Spending is now directed to basic necessities and “essential” goods and services. You can still get gas at the gas station, but forget the latest fashions and manicures, and who wants to go house hunting with a Real Estate agent right now?
How we spend and what we choose to buy have become highly focused due to a variety of factors.
- We don’t want to risk going to a store and getting infected for a common luxury or single item.
- We’re worried about our job, investments, kids, the future, and would rather save than spend.
- We don’t want to incur any debt given unknowns related to our future employment or the current and future state of any investments.
That doesn’t mean people are simply going to stop spending. According to Impact Data Source, spending will go up in some categories and down in others.

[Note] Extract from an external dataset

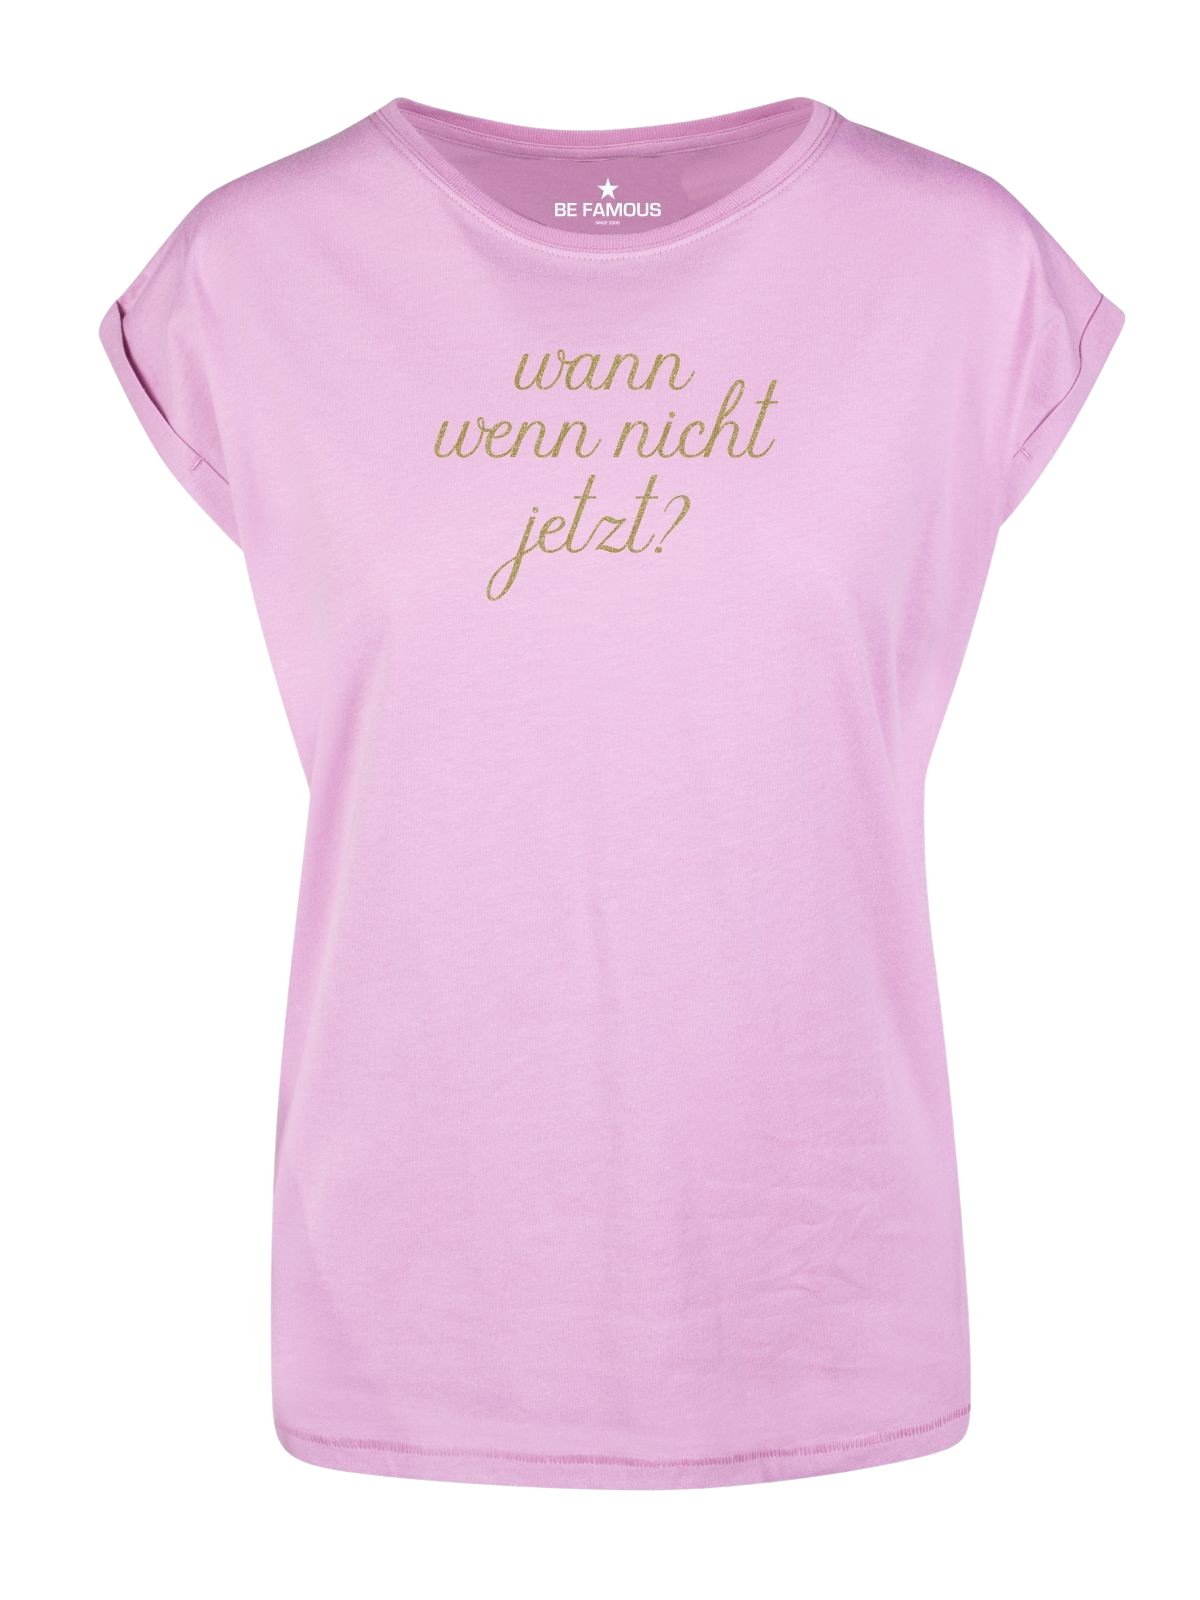 Be Famous Women Rolled T-Shirt WAWENIJE Shirt Cool Pink (Print: 14k Gold Glitter G0094) XXL

- Internet, cable and wireless services
- Mortgage or rent
- Home cleaning supplies
- Real estate
- Auto and truck purchases
- Personal care products
- Hotels and resorts
- Air travel
- All other public transportation
- Car rentals
- Vehicle expenses
- Household furnishings and equipment
What becomes apparent from the data is that consumer spending has moved away from some big-ticket items to fundamental needs and necessities. As long as spending is driven by functional considerations, there is the possibility that the economy will see continually diminished growth.
It’s All a Question of Time
How long will the pandemic last? The current science indicates that until a vaccine is developed, the virus will not be contained and current behaviors will continue. That would indicate that the economic factors predicted for the next quarter will not improve for a year and a half.
It’s also unlikely the economy will magically rebound to previous levels a year and a half from now. The only thing that seems for certain is that the statistical measures that define a depression appear to have already been exceeded and will most likely continue into 2021.